St. Ignace Island
- Interactive map of St. Ignace Island

Geography
- Location: Great Lakes
- Coordinates: 48°47′33″N 87°55′43″W﻿ / ﻿48.79250°N 87.92861°W
- Area: 274 km^{2} (106 sq mi)
- Highest elevation: 565 m (1854 ft)
- Highest point: Mount St. Ignace

Administration
- Canada
- Province: Ontario

Demographics
- Population: Uninhabited

= St. Ignace Island =

Canadian island in Lake Superior

St. Ignace Island (French: Île Saint-Ignace), in northern Lake Superior in Ontario, Canada, is the eleventh-largest lake island in the world. With an area of 274 km2, it is also the second-largest lake island in Lake Superior, following Isle Royale, and the fifth largest of all the islands on the Great Lakes, trailing Manitoulin Island, Isle Royale, St. Joseph Island and Drummond Island.

St. Ignace Island, which is uninhabited, is situated near the north shore of Lake Superior at the entrance to that lake's Nipigon Bay, in Northern Ontario. The English name is a translation of the original French name given it by Jesuit missionaries in honor of their founder St. Ignatius of Loyola. The island is clearly depicted on the 1669 map "Lac Tracy ou Superieur avec les dependances de la Mission du Saint Esprit" attributed to Claude-Jean Allouez and Jacques Marquette.
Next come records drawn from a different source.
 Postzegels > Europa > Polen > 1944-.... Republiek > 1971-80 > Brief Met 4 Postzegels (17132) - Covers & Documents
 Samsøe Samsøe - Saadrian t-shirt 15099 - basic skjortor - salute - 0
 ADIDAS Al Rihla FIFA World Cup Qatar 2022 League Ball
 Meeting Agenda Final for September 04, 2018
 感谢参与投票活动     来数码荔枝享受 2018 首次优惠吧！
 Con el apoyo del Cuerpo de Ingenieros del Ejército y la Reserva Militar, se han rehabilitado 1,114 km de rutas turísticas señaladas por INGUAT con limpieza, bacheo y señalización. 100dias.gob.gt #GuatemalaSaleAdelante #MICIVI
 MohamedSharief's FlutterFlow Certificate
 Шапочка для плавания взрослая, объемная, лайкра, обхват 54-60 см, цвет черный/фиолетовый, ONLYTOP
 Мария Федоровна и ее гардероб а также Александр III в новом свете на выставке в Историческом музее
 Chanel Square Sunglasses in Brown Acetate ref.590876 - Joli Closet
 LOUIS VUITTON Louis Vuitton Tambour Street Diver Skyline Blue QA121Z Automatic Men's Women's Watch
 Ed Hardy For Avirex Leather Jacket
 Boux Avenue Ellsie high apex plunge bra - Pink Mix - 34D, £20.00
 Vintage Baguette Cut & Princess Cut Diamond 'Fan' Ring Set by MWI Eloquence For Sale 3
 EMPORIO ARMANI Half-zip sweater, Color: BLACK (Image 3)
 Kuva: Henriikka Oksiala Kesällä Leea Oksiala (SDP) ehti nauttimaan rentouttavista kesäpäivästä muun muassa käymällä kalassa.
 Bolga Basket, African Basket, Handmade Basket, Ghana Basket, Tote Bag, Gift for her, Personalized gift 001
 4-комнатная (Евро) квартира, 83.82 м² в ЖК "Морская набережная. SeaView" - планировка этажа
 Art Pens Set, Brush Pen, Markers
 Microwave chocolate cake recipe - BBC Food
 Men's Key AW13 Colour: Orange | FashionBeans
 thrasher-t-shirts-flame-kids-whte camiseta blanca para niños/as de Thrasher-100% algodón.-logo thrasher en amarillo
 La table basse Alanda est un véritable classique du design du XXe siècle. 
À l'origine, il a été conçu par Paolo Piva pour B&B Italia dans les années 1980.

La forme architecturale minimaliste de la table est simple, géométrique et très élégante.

Nipigon Strait separates it from the large Black Bay peninsula. St. Ignace Island lies next to Simpson Island. The island is about 20 km from the nearest community, Red Rock, Ontario. The island's Mount St. Ignace is the highest point of the many islands in Lake Superior, at 565 m above sea level, though lower than the other high points in Northern Ontario, including the 693 m Ishpatina Ridge, highest point in Ontario.

==Climate==
The island has a humid continental climate. St. Ignace Island has incredible seasonal lag due to maritime influences. August and September are the warmest months and February is the coldest month by a substantial margin.